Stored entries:
◇ ◇ ◇ ◇ ◇ ◇ ◇

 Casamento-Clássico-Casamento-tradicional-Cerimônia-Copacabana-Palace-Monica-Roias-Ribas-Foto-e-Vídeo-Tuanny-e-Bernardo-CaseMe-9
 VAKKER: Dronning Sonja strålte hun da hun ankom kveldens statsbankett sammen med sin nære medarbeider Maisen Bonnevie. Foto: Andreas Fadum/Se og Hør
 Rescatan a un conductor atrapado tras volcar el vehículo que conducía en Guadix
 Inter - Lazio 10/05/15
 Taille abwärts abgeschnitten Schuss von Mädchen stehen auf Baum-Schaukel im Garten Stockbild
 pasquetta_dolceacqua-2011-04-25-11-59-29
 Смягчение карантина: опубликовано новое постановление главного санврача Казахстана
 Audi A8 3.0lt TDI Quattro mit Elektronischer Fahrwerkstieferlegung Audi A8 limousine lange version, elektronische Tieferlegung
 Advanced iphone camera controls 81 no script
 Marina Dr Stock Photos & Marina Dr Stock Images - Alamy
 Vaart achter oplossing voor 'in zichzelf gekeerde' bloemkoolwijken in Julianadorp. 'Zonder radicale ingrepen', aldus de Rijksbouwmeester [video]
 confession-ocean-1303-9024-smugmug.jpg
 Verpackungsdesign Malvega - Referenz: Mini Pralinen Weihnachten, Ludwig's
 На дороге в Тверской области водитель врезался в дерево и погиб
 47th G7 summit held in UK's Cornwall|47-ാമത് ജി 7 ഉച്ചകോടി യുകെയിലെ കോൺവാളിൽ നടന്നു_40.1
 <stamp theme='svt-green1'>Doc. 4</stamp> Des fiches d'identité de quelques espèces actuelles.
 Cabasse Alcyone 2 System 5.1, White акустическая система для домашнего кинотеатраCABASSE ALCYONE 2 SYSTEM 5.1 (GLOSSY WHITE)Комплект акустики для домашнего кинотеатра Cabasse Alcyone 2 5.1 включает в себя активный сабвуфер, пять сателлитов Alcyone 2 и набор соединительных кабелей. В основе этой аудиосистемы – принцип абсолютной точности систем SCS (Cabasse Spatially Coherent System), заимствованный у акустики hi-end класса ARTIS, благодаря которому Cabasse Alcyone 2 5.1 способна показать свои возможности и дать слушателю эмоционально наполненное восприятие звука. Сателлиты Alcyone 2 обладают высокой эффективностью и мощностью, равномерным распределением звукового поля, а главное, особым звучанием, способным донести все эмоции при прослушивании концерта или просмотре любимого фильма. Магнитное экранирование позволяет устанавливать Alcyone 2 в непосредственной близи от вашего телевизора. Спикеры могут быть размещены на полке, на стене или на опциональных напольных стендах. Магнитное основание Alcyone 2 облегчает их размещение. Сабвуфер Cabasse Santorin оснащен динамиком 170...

◇ ◇ ◇ ◇ ◇ ◇ ◇

Action item »
Beginning at the first line of the records, give again each line exactly as written, ending with the line that contains "Смягчение карантина: опубликовано".

Solution below »
 Casamento-Clássico-Casamento-tradicional-Cerimônia-Copacabana-Palace-Monica-Roias-Ribas-Foto-e-Vídeo-Tuanny-e-Bernardo-CaseMe-9
 VAKKER: Dronning Sonja strålte hun da hun ankom kveldens statsbankett sammen med sin nære medarbeider Maisen Bonnevie. Foto: Andreas Fadum/Se og Hør
 Rescatan a un conductor atrapado tras volcar el vehículo que conducía en Guadix
 Inter - Lazio 10/05/15
 Taille abwärts abgeschnitten Schuss von Mädchen stehen auf Baum-Schaukel im Garten Stockbild
 pasquetta_dolceacqua-2011-04-25-11-59-29
 Смягчение карантина: опубликовано новое постановление главного санврача Казахстана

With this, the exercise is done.